Segundo o defensor público Thiago Rosas, designado para a Defensoria Pública Especializada de Atendimento de Interesses Coletivos, a investigação deve reunir elementos sobre a responsabilidade das mortes e atuar nas causas de erros de atendimento, negligência e irregularidades de ordem administrativa e médica.
“A Defensoria vem fazendo acompanhamento das demandas individuais que envolvem violência obstétrica desde 2017. Existem levantamentos feitos acerca desse tema e uma comissão de trabalho que atua nessa área dando conta de vários casos de violência obstétrica, incluindo mortes. Por conta disso, e dos casos recentes que envolvem essa questão sensível à sociedade, a Defensoria Pública de Direitos Coletivos vai abrir um procedimento no qual serão investigadas as responsabilidades e, paralelamente, atacar as causas dos problemas seja de ordem administrativa ou médica”, disse.
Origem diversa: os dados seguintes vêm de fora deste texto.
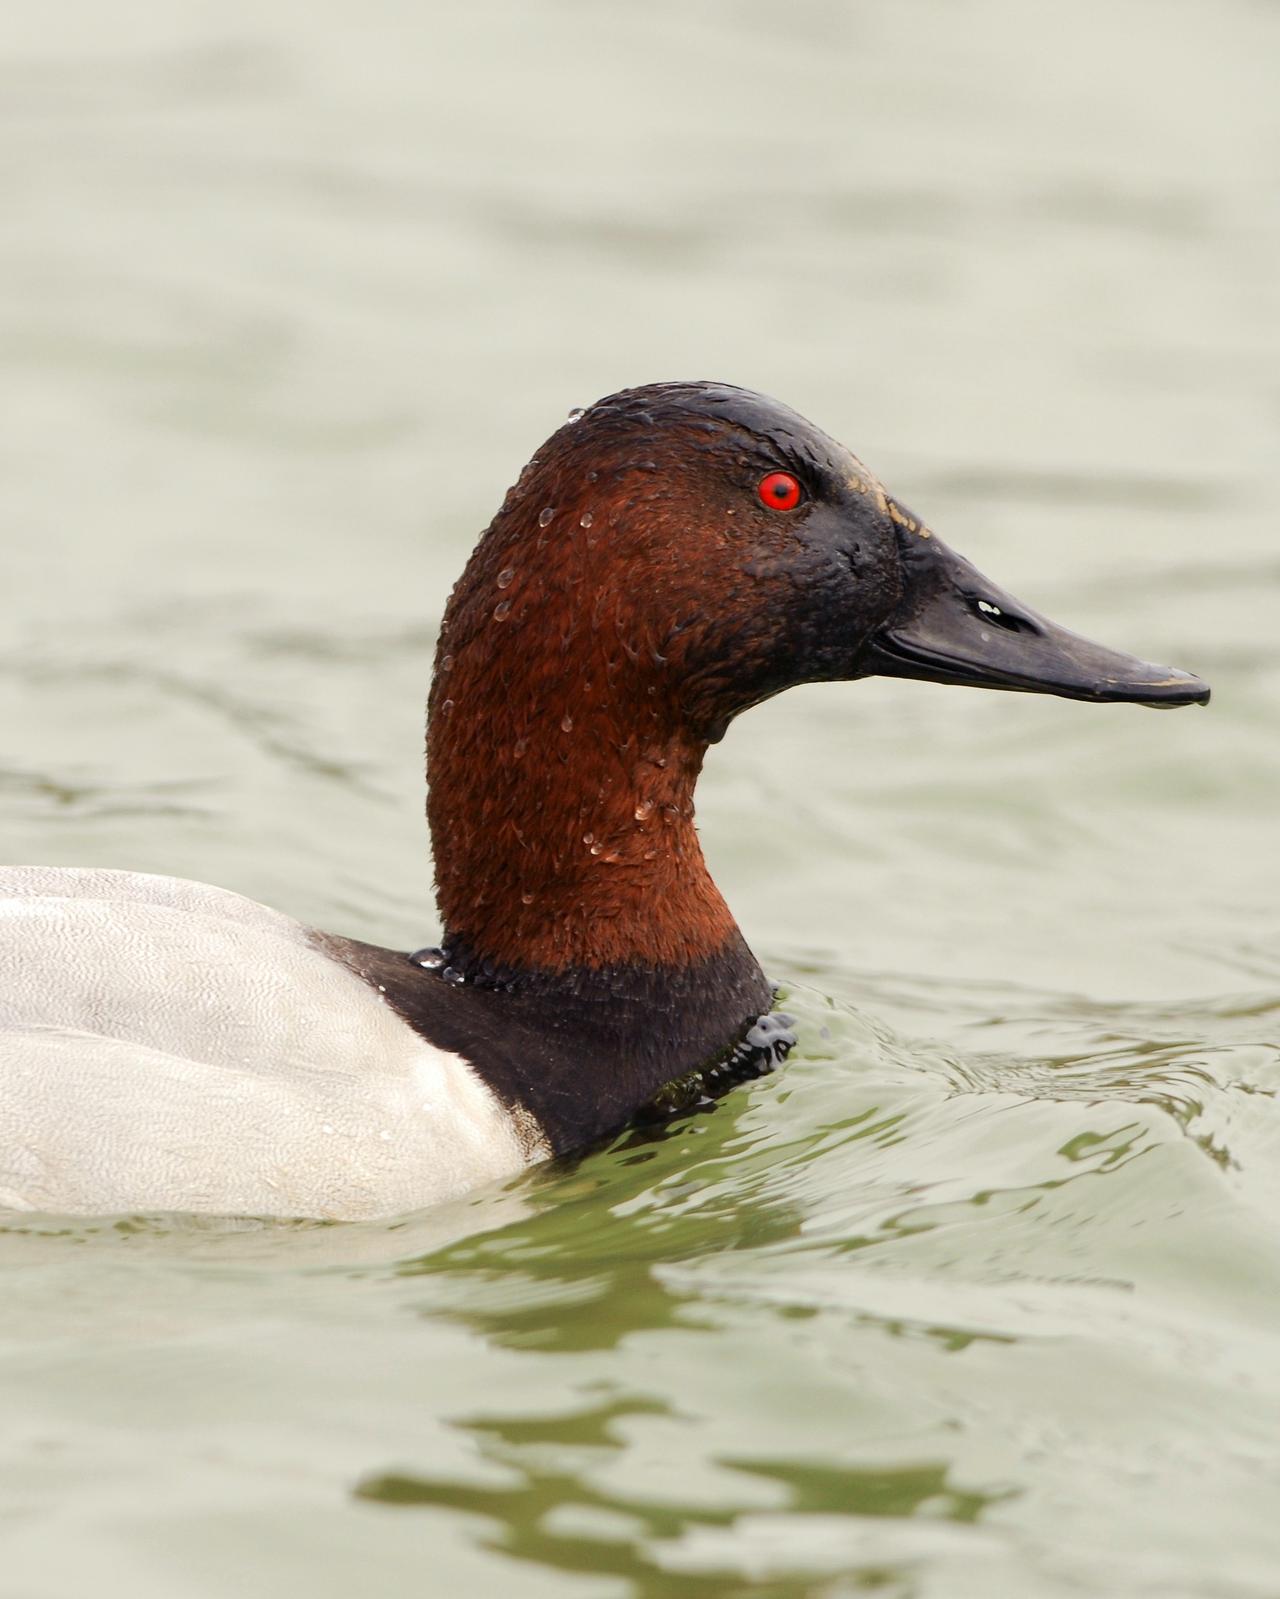 Canvasback Photo by David Hollie

Ainda segundo o defensor Thiago Rosas, a partir do PADAC poderão ser feitas visitas técnicas nas maternidades e solicitação de documentos com o objetivo de apurar denúncias e levantar elementos de instrução para instrumentalização do procedimento de dano coletivo, a fim de possibilitar a adoção de eventuais medidas. A DPE-AM também pedirá informações específicas sobre o caso mais recente, que culminou na morte de mãe e filha.
Ações Judiciais
“Os relatos nos processos judiciais são muito similares. Na grande maioria, as mães, as parturientes, afirmam que procuram atendimento e que ouvem que ainda não está ‘no momento’ da criança nascer, e lhes é dito que voltem para casa. Quando retornam à maternidade, há uma demora no atendimento e, infelizmente, conforme temos acompanhado – são dezenas de processos – há sofrimento fetal por parte das crianças”, diz a defensora pública Caroline Souza.
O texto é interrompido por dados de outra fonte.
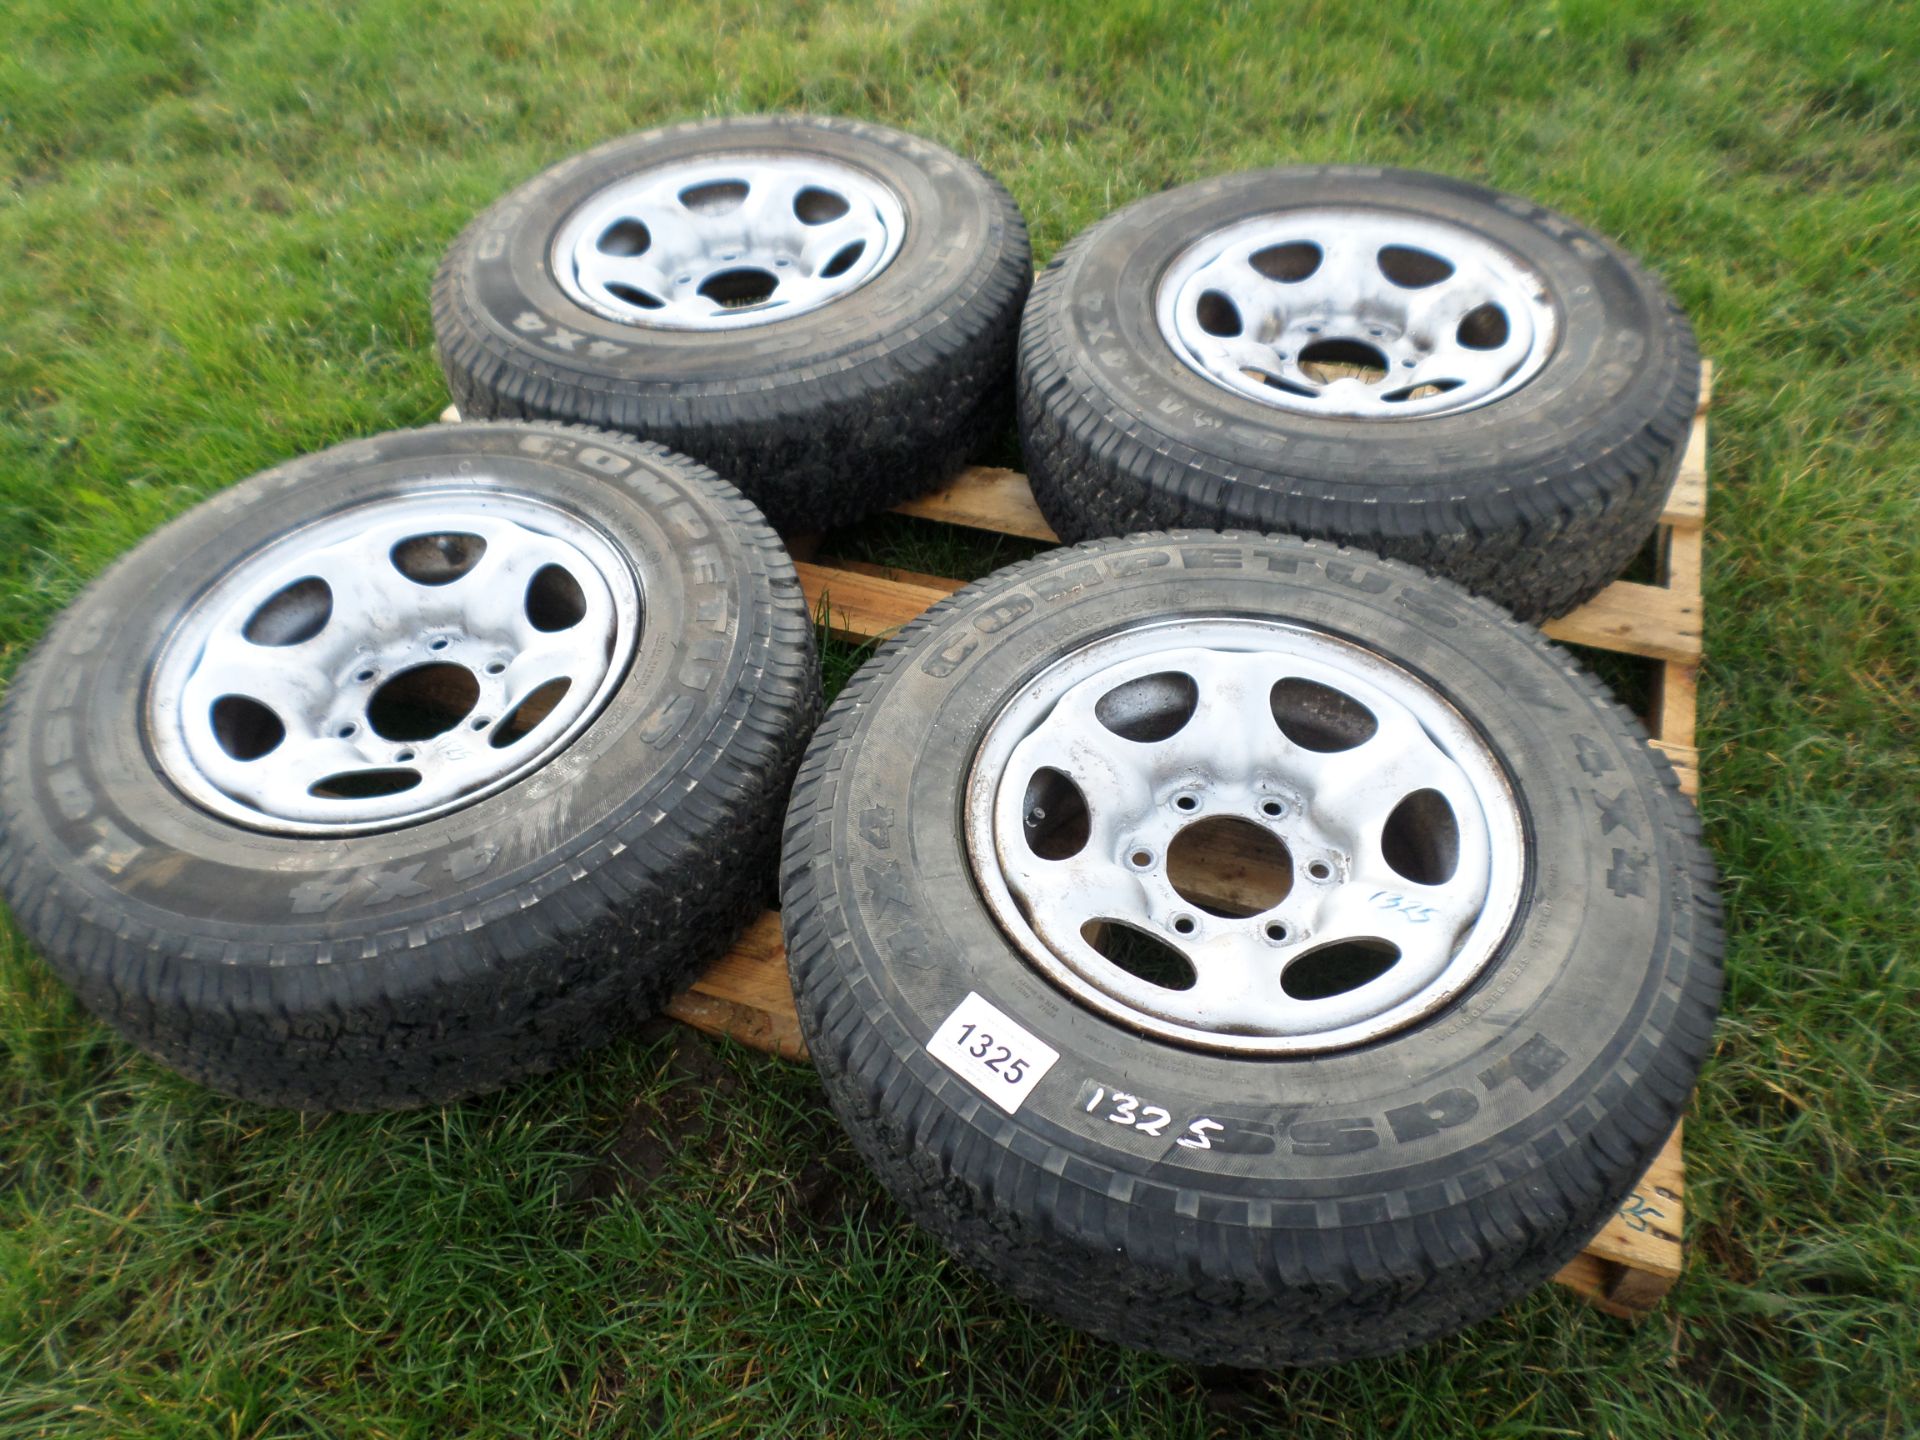 Set of 4 wheels/tyres for Toyota 215/80/16, all inflated and sound

“Muitos desses bebês ficam com sequelas neurológicas permanentes. Há outros casos de falecimento de mães e, normalmente, a mãe morre por dois motivos nesse processo, o que também chama a atenção: hemorragia e septicemia, depois da cirurgia. Infelizmente não é um processo isolado esse fato. É algo que se tornou corriqueiro”, lamenta.
Serviço
Mulheres vítimas de violência obstétrica podem procurar a Defensoria Pública na Casa da Cidadania, localizada na rua 2, casa 7, no conjunto Celetramazon, bairro Adrianópolis e nos telefones 3642-0183 e 3611-2030, e também na sede administrativa da DPE-AM, na rua Maceió, n° 307, bairro Nossa Senhora das Graças, caso queriam entrar com ação reparatória (indenizatória).
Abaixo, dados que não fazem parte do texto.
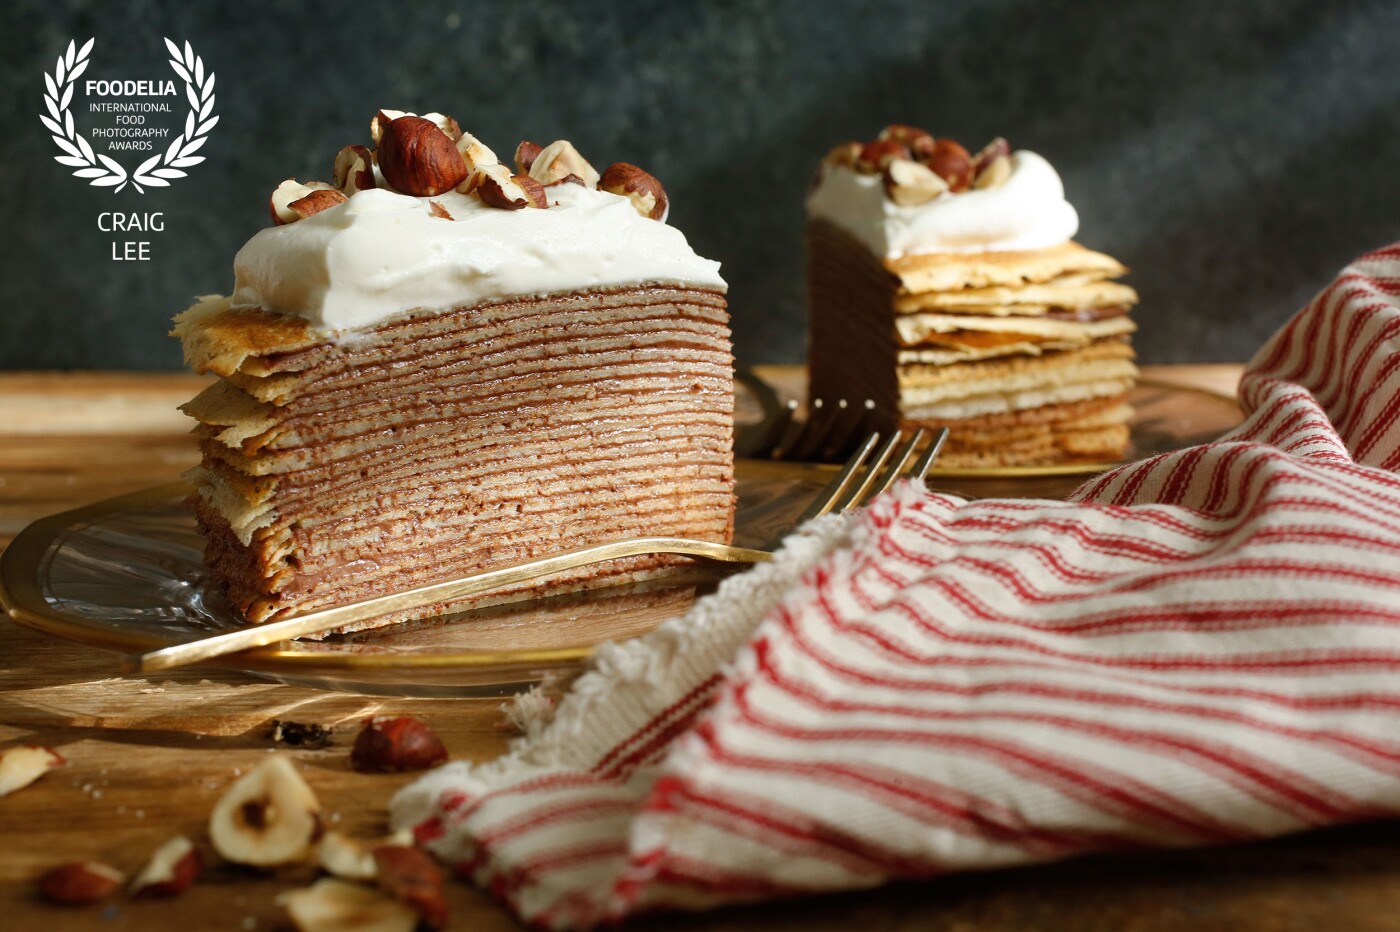 Chocolate Hazelnut Crepe Cake photographed for the New York Times @nytfood. This is a delicious cake made of hazelnut crepes stacked with chocolate cream between each layer, topped with whipped cream, hazelnuts and dust with cocoa. Styled by @the_bojon_gourmet and @snixykitchen.

Se for o caso de uma “violência” em curso, por exemplo, se a mulher não estiver conseguindo uma cirurgia, estiver em trabalho de parto e tiver qualquer obstáculo para conseguir internação, os familiares podem procurar a unidade de Saúde da Defensoria, na rua 24 de Maio, n° 321, no Centro de Manaus, e no telefone 3622-6966. O plantão cível na Defensoria Criminal, na avenida Umberto Calderaro Filho, em frente ao hotel Blue Tree, também está à disposição para casos do tipo.
Comitê
A Defensoria Pública também faz parte do Comitê de Combate à Violência Obstétrica e vem atuando desde 2017 no tema. O Comitê foi criado em 2017, a partir de termo de cooperação de iniciativa do MPF (Ministério Público Federal) no Amazonas. O grupo conta ainda com representantes da Susam (Secretaria de Estado da Saúde), do MP-AM (Ministério Público do Estado do Amazonas), da Semsa (Secretaria Municipal de Saúde), da Sejusc (Secretaria de Estado de Justiça, Direitos Humanos e Cidadania), da SSP (Secretaria de Estado de Segurança Pública), da Ufam (Universidade Federal do Amazonas), da UEA (Universidade do Estado do Amazonas), das DPU (Defensorias Públicas da União), do Coren-AM (Conselho Regional de Enfermagem do Amazonas) e do Cedim (Conselho Estadual dos Direitos da Mulher do Amazonas).